And those action sequences, as good as they might be (I happened to think the initial one, involving what appeared to be the demolition of every road and vehicle in and around Moscow was quite excellent) nonetheless strain our ability to believe what we’re seeing could happen.

In action films, that’s the trick a director/actor/effects crew should be sensitive about.  Can the audience believe what they’re seeing might happen?  Even avoiding that question, the fact is that A Good Day to Die Hard winds up being so enthralled to those same action sequences that the characterization so beloved in the first few Die Hard films is almost completely missing.  This is easily the least “John McClane” film of the bunch.  Bruce Willis could be playing any “good guy” Bruce Willis-type character…he’s that invisible as a person within the context of the movie.

He’s not the only one.

We’re presented with McClane’s son and, to a far lesser extent, daughter in the movie, but both characters are just that, characters.  Jai Courtney, who was nicely menacing as one of the main baddies in Jack Reacher, switches to good guy mode here and isn’t all that bad…but neither is he all that great either.  The blame, as before, lies in the fact that this is a movie built around those all important action sequences.  Jack McClane’s character, therefore, is a stereotype:  The angry, abandoned son who, by the end of the film, grows to love the old man.

Dodging bullets, I guess, will do that to you.
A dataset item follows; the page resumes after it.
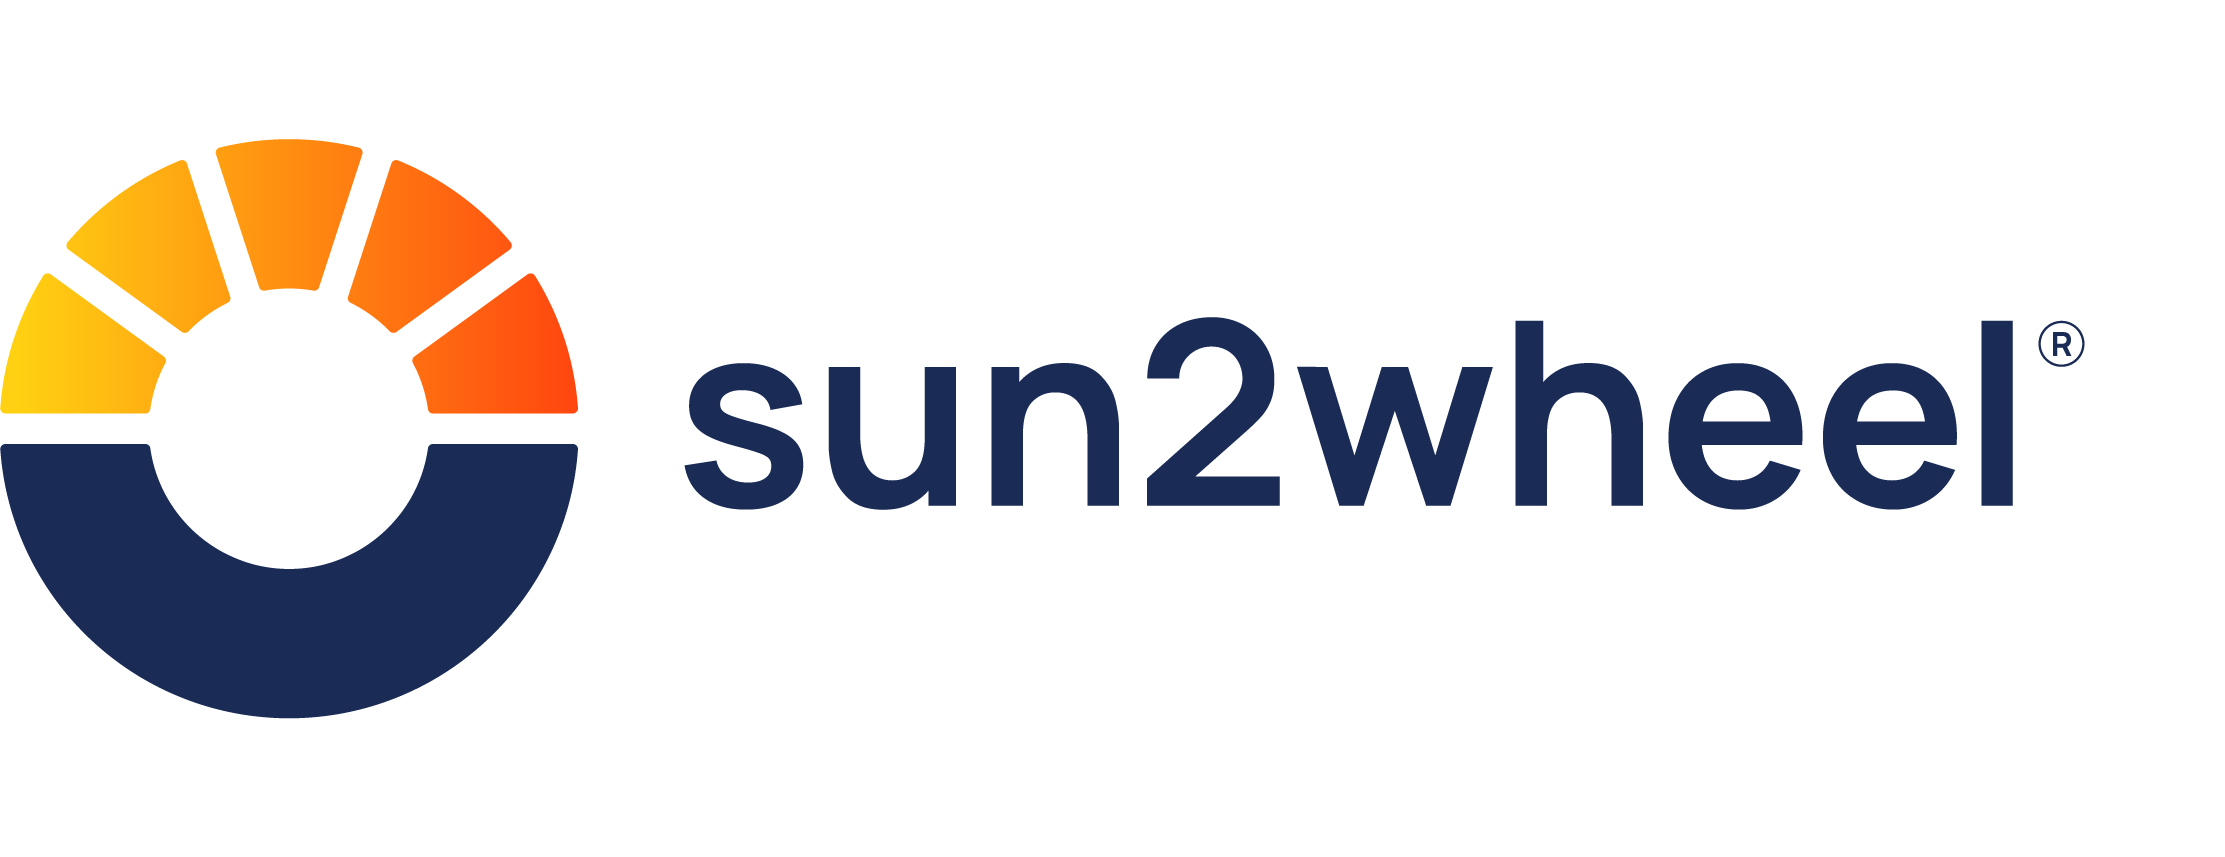 sun2wheel | Logo

Anyway, near the end of the film we are presented with an interesting switcheroo regarding the bad guy(s) and, I have to admit, I found it a clever switch indeed (Maybe by then I was desperate for anything other than action action action).  In fact, seeing that switcheroo made me wonder what the original screenplay for this film was like.  Could it possibly have been more character oriented?  Could more thought have been put into creating a suspenseful, less pedal-to-the-metal action fest?

Who knows.

We can only judge A Good Day to Die Hard for what it is:  An expensive and near non-stop action fest that features little in the way of character development.  Not the worst action film I’ve ever seen, mind you, but one that desperately could use an infusion of the smart-assed humanity we saw in the earlier appearances of one John McClane.